Crony capitalism is a term that has been used in the popular press, but rarely in the academic literature. However, when one understands crony capitalism as an economic system in which the profitability of business depends on political connections, one sees that a substantial body of academic literature explains its causes and consequences. My purposes in this article are, first, to demonstrate that the academic literature has analyzed crony capitalism's components for decades and that those components are well understood; second, to show that all of these components point toward big government as crony capitalism's cause; and, third, to consider ways in which crony capitalism can be controlled.

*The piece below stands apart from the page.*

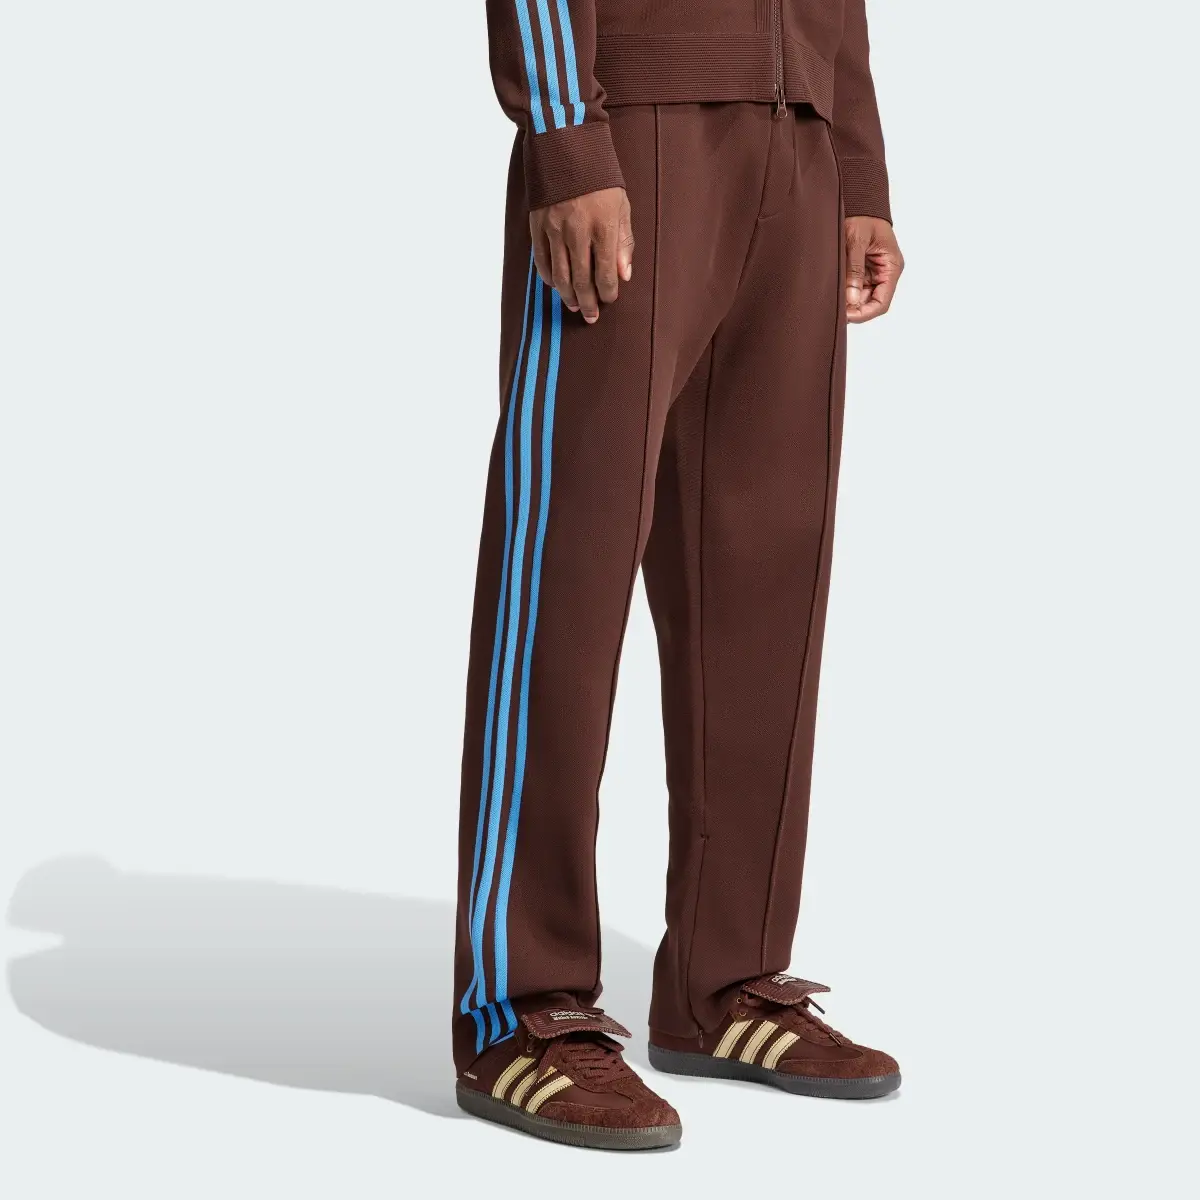 Adidas Wales Bonner Track Suit Pants. 3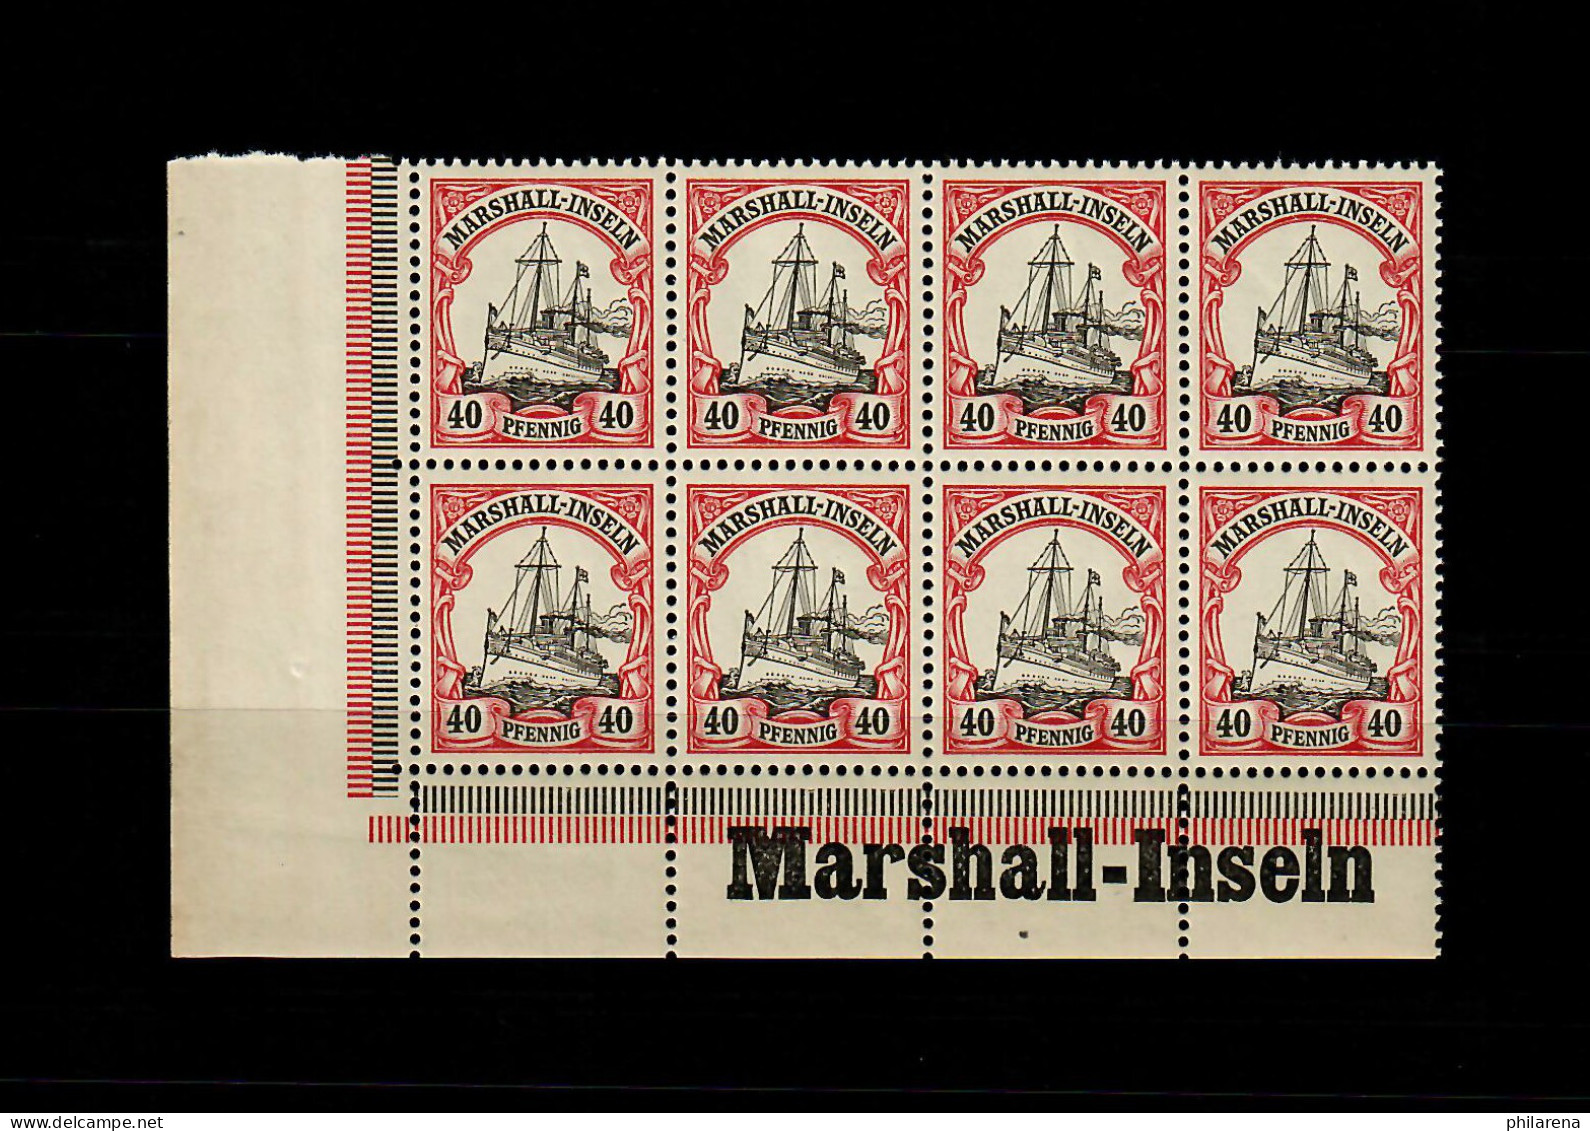 Marschall-Inseln: MiNr. 19, 8er Block Links Inschrift Eckrand, Postfrisch ** - Marshall Islands

Public Policy and Cronyism

The academic literature on the components of crony capitalism comprises models that depict the actual decision-making processes of those in government and their cronies in the private sector rather than simply assuming that the government makes policy decisions that promote the public interest. Economic analysts often suggest that the government intervenes in an economy to correct market problems or to improve economic performance, implicitly assuming that the government is both willing and able to implement the policies that economists' models show would be helpful. Such analysts claim that if the government were to pursue a particular course of action, specific improvements will result. Such recommendations ignore the limits on the availability of information, the incentive structure that government decision makers actually face, and the collective decision-making procedures that actually produce government policies (Holcombe 2012). A real-world government may not be willing or able to implement the recommended policies. Individuals make government decisions, but one individual cannot make the decisions unilaterally, so it is unrealistic to depict "the government" as a single decision maker. Public policies emerge from a collective decision-making process. A recommendation that the government should do "this" to accomplish "that" treats the government as an omniscient benevolent dictator and ignores the possibility that those in government may not have the information or incentives to implement the recommended policy.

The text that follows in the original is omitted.